<<<<

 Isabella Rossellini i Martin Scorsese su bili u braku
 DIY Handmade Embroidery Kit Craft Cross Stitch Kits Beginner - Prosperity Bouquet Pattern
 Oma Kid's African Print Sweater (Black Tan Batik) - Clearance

>>>>
<<<<

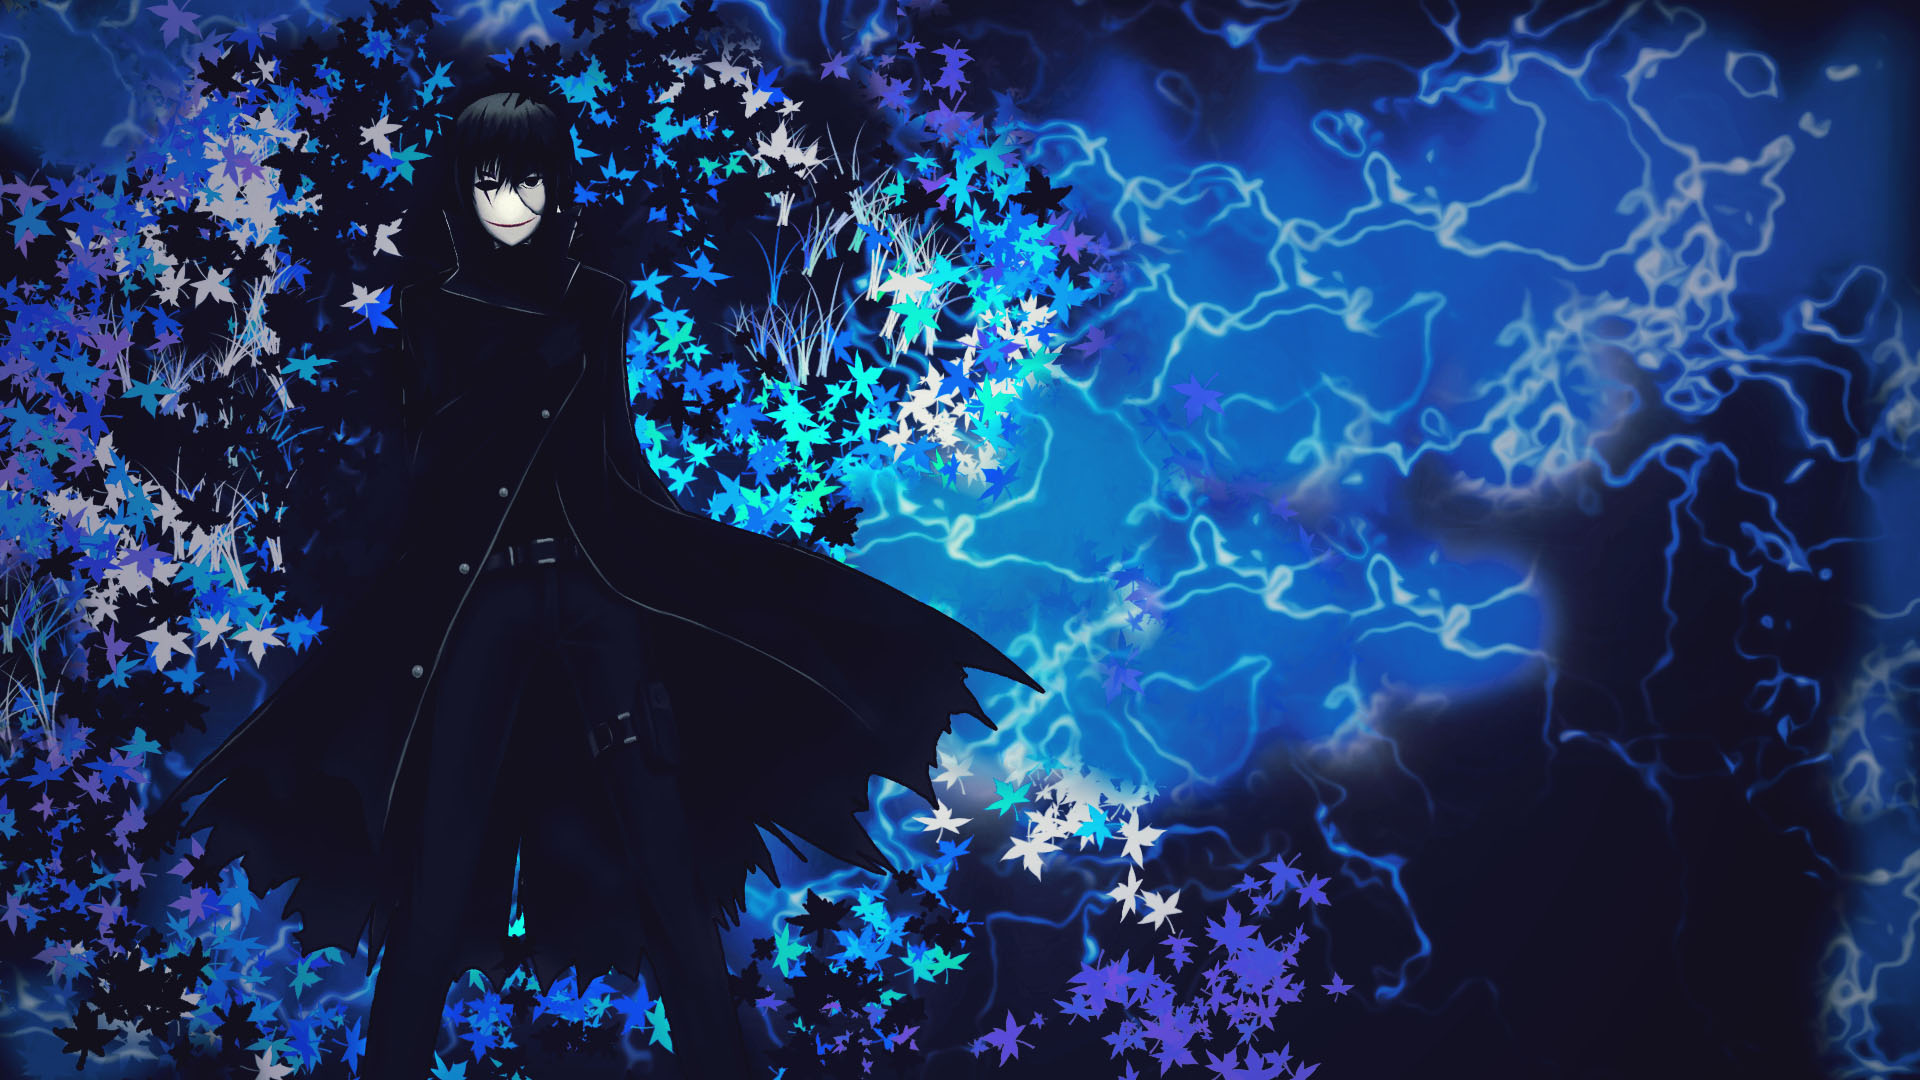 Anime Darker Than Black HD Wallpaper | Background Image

>>>>

> [What you should do]: In the listing above, find the line containing "Isabella Rossellini i" and the line containing "Oma Kid's African", then repeat those two lines and everything between them exactly.

> [Written response]:
 Isabella Rossellini i Martin Scorsese su bili u braku
 DIY Handmade Embroidery Kit Craft Cross Stitch Kits Beginner - Prosperity Bouquet Pattern
 Oma Kid's African Print Sweater (Black Tan Batik) - Clearance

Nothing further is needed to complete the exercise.